I learn so much more from Palmetto Place than I will ever be able to teach. This proves itself to me time and time again, particularly when I need a reminder of what’s important (and thank you, God, for those reminders).

This week’s lesson was about learning names. We have wonderful houseparents and other staff caring for our children, but I think it must be overwhelming and challenging for a new kiddo to learn all of our names and learn — quickly — that we are all going to keep this child safe and provide love. A new little girl arrived on Sunday, scared and in pain inside and out. We have surrounded her with love. Our houseparents have served the role of aunt, sister, cousin, friend, teacher and, maybe most importantly, nurse. As we’ve cared for this child each day – just Sunday, Monday and Tuesday so far – we have all turned 100% of our focus and concern and prayers to her.

Yesterday afternoon, the kids were coloring Easter eggs from coloring books. Each egg had an initial on and the kids were picking out a J for Mrs. Jackie and Ms. Jenny, a V for Mrs. Vera, a G for Mrs. Gloria, a T for Mrs. Thelma, etc. And then this quiet little voice spoke up and said “and an M for Ms. Matilda and an E for Mrs. Erin.” And she kept going with names. My heart sang! In the midst of her pain and trauma, she knew our names! She had learned so quickly who was taking care of her! We’d earned her trust!

Easter eggs

And then I knew, she was going to be ok. Sweat the small things. It’s always the small things that our kids remember. One day she’ll remember that Palmetto Place was a happy place and that an amazing group of houseparents with hearts as big as the whole wide world loved her and took care of her when she needed it.
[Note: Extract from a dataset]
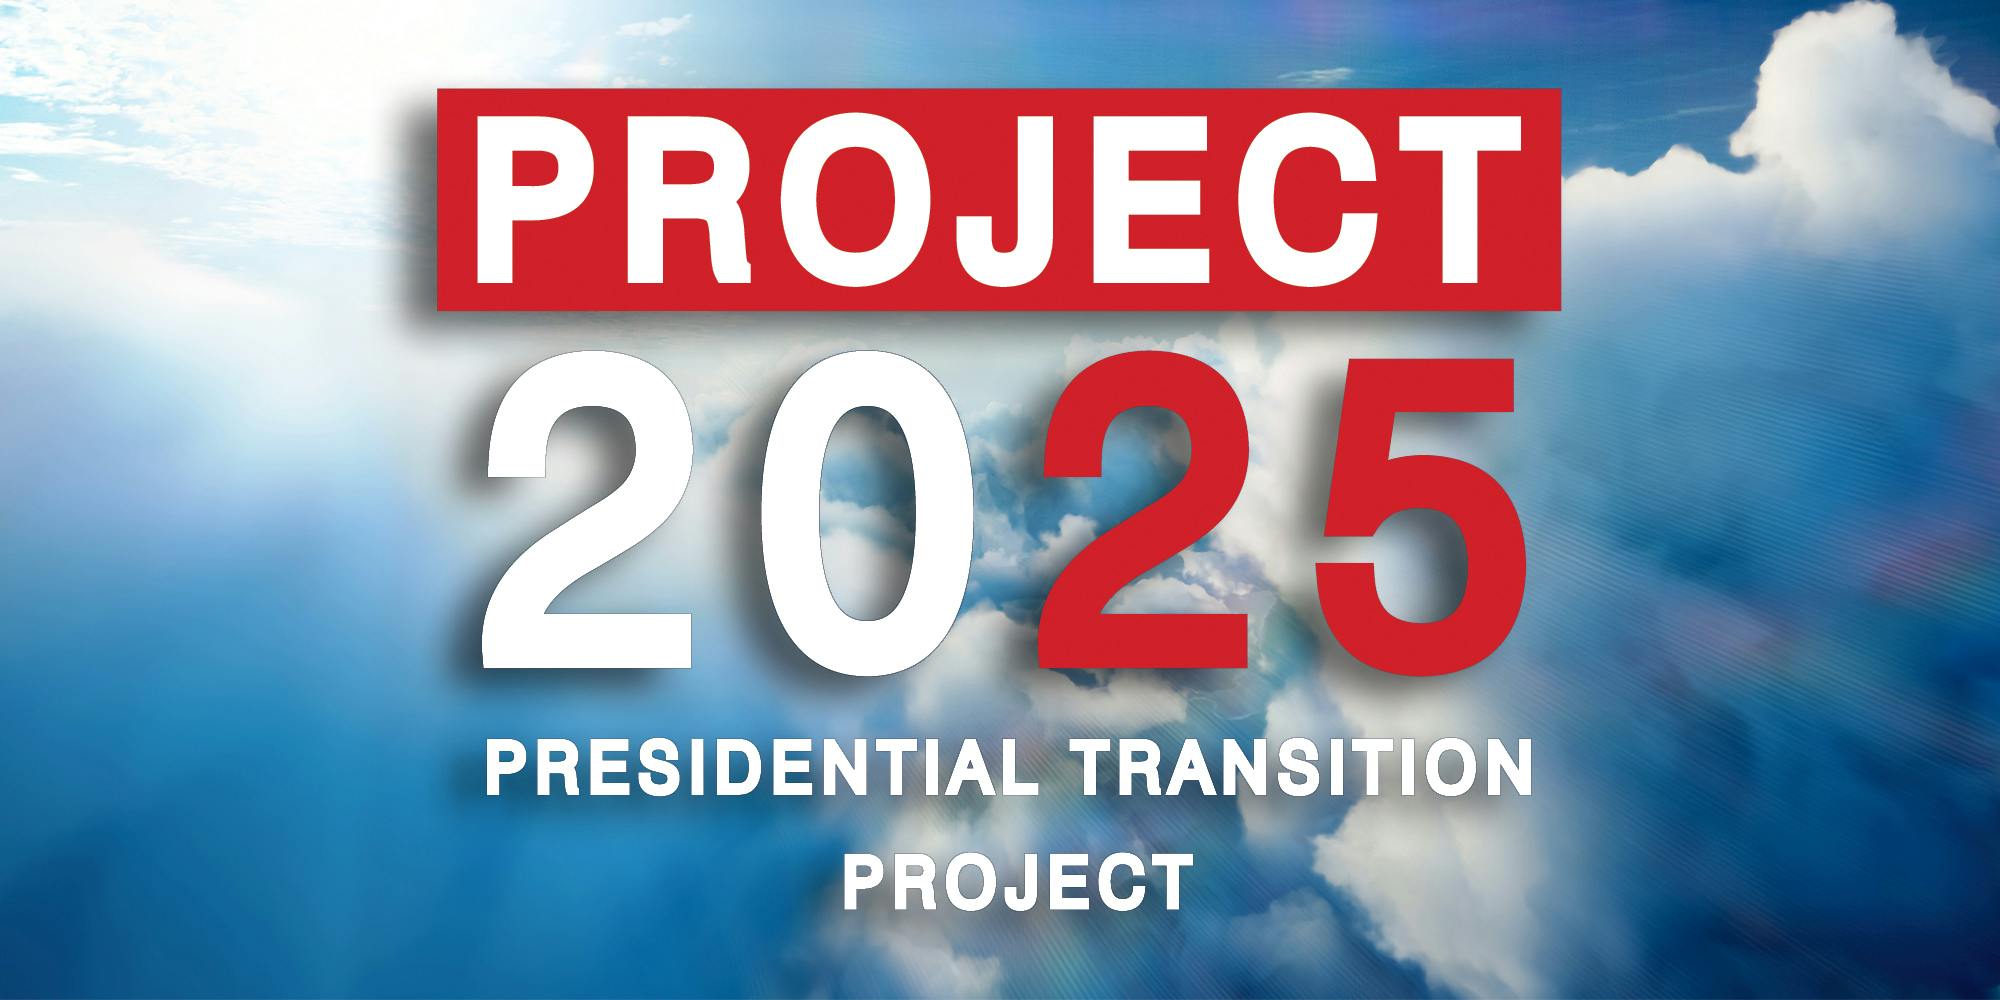 Project 2025 logo over clouds in the sky

~~ Erin Hall, Executive Director

When the phone rings…

When the phone rings at Palmetto Place, there is a good  chance that it’s a placement call, a DSS caseworker from Columbia or somewhere around the state trying to find a place for a child who has been abused or neglected. I dread those calls because, so often, we are full. I dread having to say, “No, I’m sorry, we can’t take this child.” I know that caseworker is calling every children’s home and children’s emergency shelter around the state, desperate for an available bed for a child in need.

This week has been one with many of those calls. Five kids from one county 2 hours away. Five more kids from another county an hour away. Two teenagers, one pregnant and one with a baby, from 2 hours away. Four from right here in the Midlands and three homeless teenagers here in Columbia. Add it up. That’s 19 in one week. 19 kids who needed Palmetto Place.
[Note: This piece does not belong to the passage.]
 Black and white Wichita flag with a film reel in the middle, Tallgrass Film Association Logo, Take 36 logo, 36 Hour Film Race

We were able to take four. Just four out of 19. It is heartbreaking. It weighs heavily on the hearts and souls of our houseparents. It requires an immense amount of trust, prayer and faith.

teens with heart

Sometimes the calls come in at the same time and our team has to come together and decide which kids to take in – which kids we can help the most; which kids will fit in at Palmetto Place and be able to thrive and be loved. That was yesterday. We chose to take two kids from this area so that they could be close to their family and so that siblings could stay together and not be in different children’s homes.

I pray we made the right decision. I pray for the other kids for whom we didn’t have room.

The two new kids who arrived earlier this week have settled in to life at Palmetto Place – a home full of brothers and sisters! They seem happy. There are smiles and hugs. One little girl is not quite up to hugging yet but she’s definitely up for having her hair brushed. I think today just might be the day we warm up to a hug.

Our new kids are about to experience a Palmetto Place weekend – visits from our F3 friends and our friends from Junior Woman’s Club of Columbia, a trip to see a play, a new mentor and much more. Everyone will be safe, protected and loved this weekend and all of our kids will get to be kids! It’s just another weekend at Palmetto Place, doing what we do best. Thanks to everyone who is a part of this Palmetto Place family!